Will the Treasury Department Stymie Iran’s Aviation Sanctions Evasion Tactics?

Winfield Myers

A Mahan Air Aibus A340-600. Mahan Air is the largest violator of U.S. sanctions on the Iranian civil aviation sector. (Photo: Adobe)


For much of the last 15 years, the United States has denied licenses to export aircraft to Iran and/or sanctioned Iranian aviation due to links to the Islamic Revolutionary Guard Corps (IRCG), though informal sanctions existed for decades before that. Against this backdrop, Mahan Air, Iran’s largest airline with more than 70 aircraft, an Islamic Revolutionary Guard Corps enterprise and a source of transportation and cargo services for the Qods Force and proxy groups such as Hezbollah, sought to profit by purchasing both U.S.-made passenger jets and European models using American engines.

Today, Mahan Air is the largest violator of U.S. sanctions on the Iranian civil aviation sector. Over the past four years, the U.S. Department of the Treasury and the State Department have failed to prevent Mahan from circumventing the sanctions. This has enabled Mahan Air to purchase passenger aircraft not only for commercial use, but also to provide them to airlines in Afghanistan, Venezuela, and Syria. By leveraging the large budget of the IRGC Cooperative Foundation, Mahan Air has become an aviation empire in Iran. The company has used dozens of fake companies in Asia and Africa to purchase illegally nearly 20 Airbus A340 long-range and wide-body passenger aircraft in past decade.

Over the past four years, the U.S. Department of the Treasury and the State Department have failed to prevent Mahan from circumventing the sanctions.

Most recently, this involved a front called Macka Invest in Gambia which, on February 29, 2024, purchased two A340s that it then transferred from the Šiauliai Air Base in Lithuania to Iran. Shortly after, the director of the Civil Aviation Department of Lithuania, Vidmantas Plėta, explained that paperwork claimed the planes’ destination to be Clark International Airport in the Philippines, but they diverted to Tehran instead, one via Kabul. In Tehran, Mahan Air overhauled the aircraft, with one put into commercial service on June 10, 2024, officially revealing Mahan Air to be its buyer.

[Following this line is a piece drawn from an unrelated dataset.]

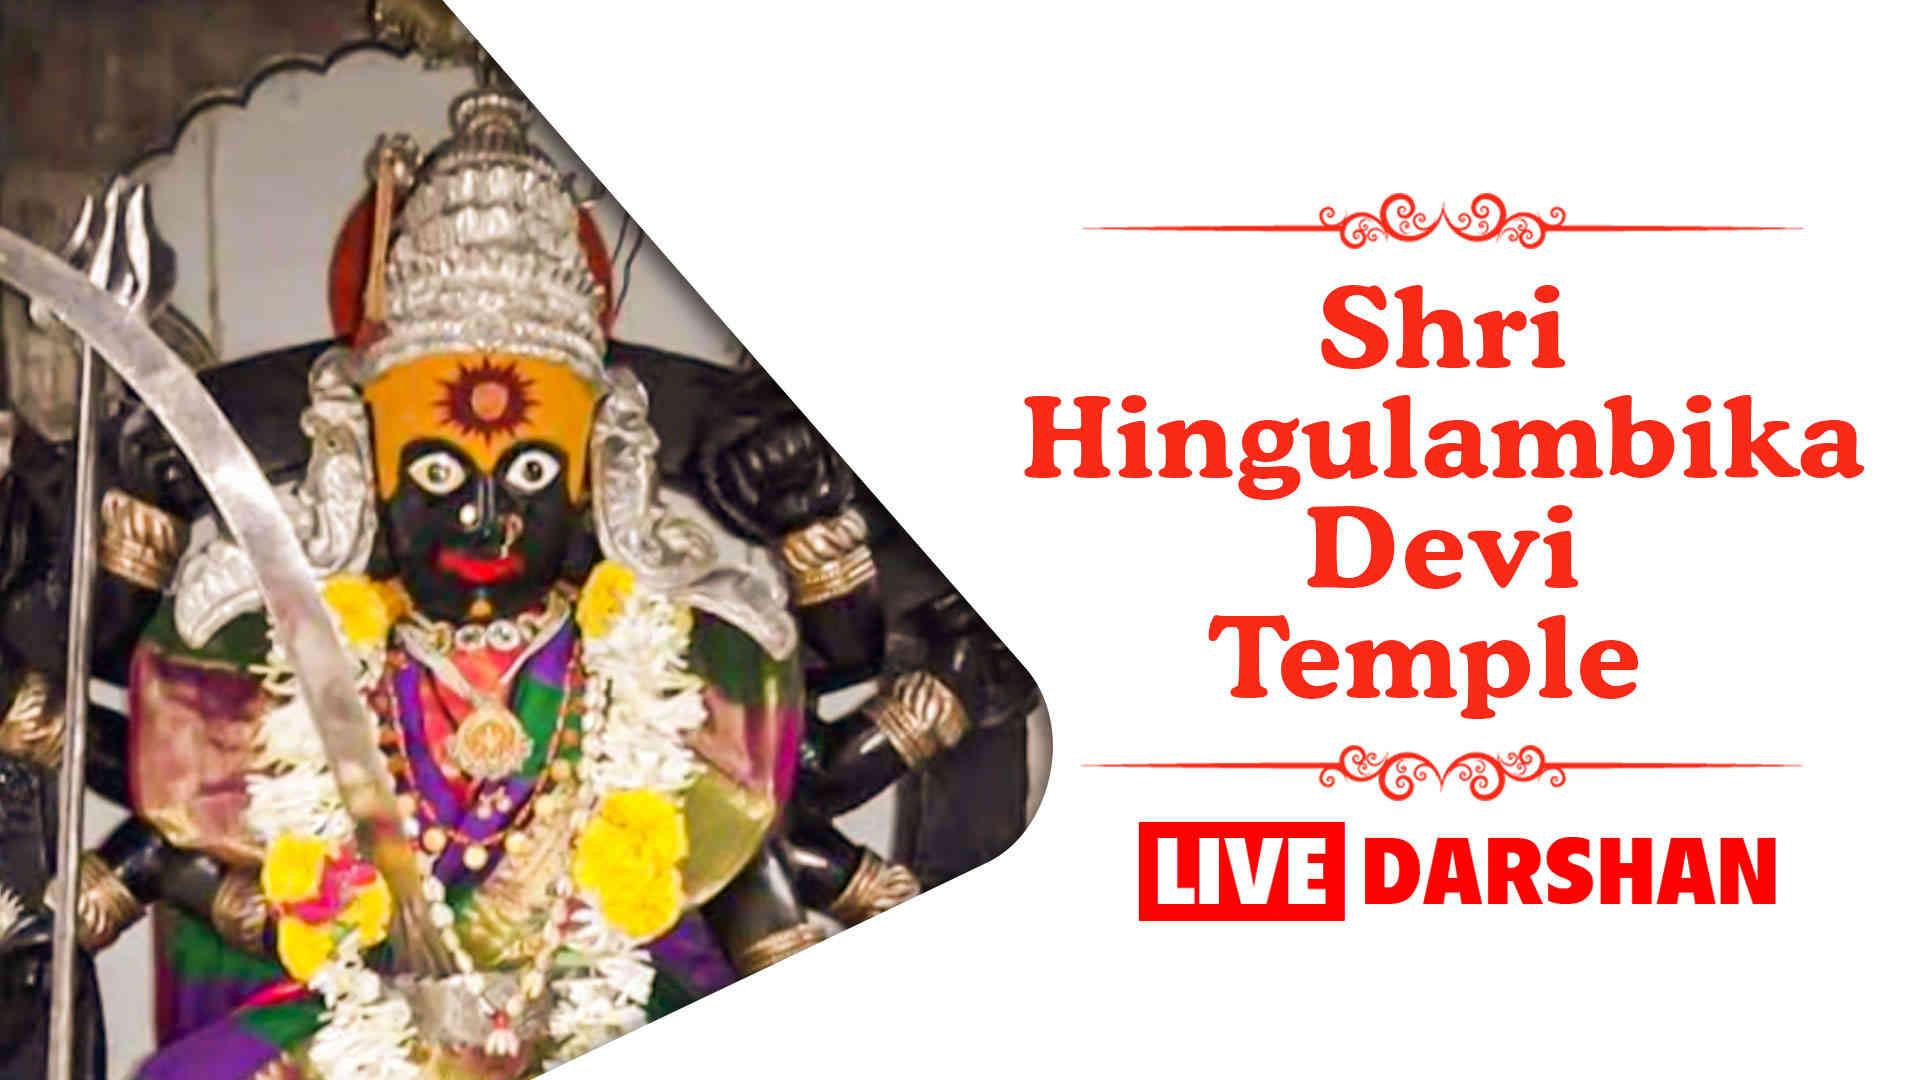 Shri Hingulambika Devi Temple, Solapur, Maharashtra

Many airlines have retired Airbus A340 long-range and wide-body aircraft in recent years due to their high operational and maintenance costs, as they have four engines. While Airbus is a European company, the Franco-American aircraft engine manufacturer, CFM International is part of the consortium providing engines for most of their variants. Despite their high fuel consumption, government subsidies on aviation fuel and operations shield Mahan Air from financial losses.

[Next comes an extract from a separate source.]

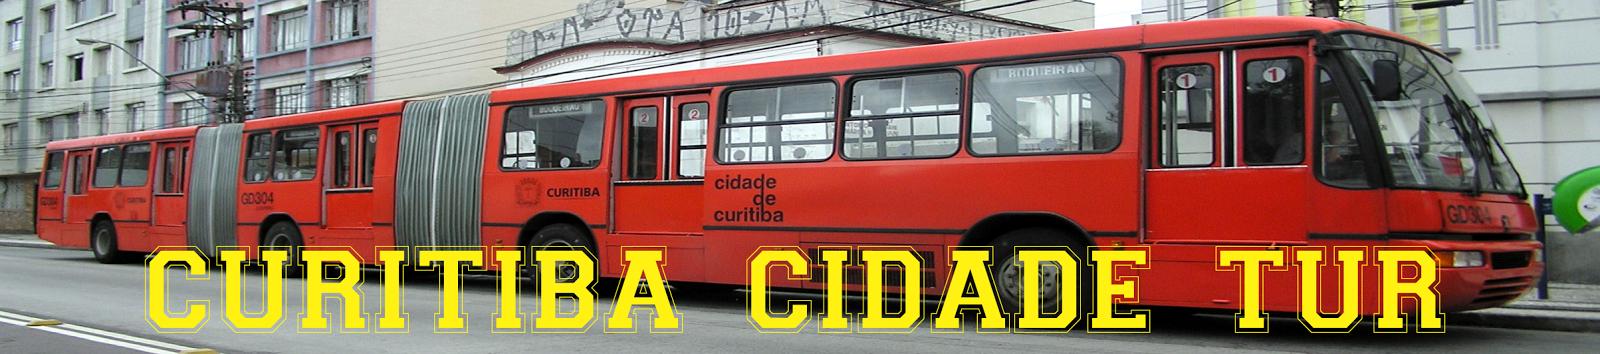 Curitiba Cidade Tur

Today, Mahan Air operates 13 Airbus A340s in four different variants, flying both domestically and to other cities in the Middle East and the Far East. Additionally, Mahan Air has transferred five other A340s to Syrian Air and Conviasa, Syria and Venezuela’s respective flag carriers. Absent any intervention by the U.S. government to counter Iranian evasion tactics, as airlines try to offload Airbus A340s, the Islamic Revolutionary Guard Corps and Mahan Air will likely try to repeat such evasion.

Babak Taghvaee is a Europe-based journalist covering Iranian aviation and defense issues.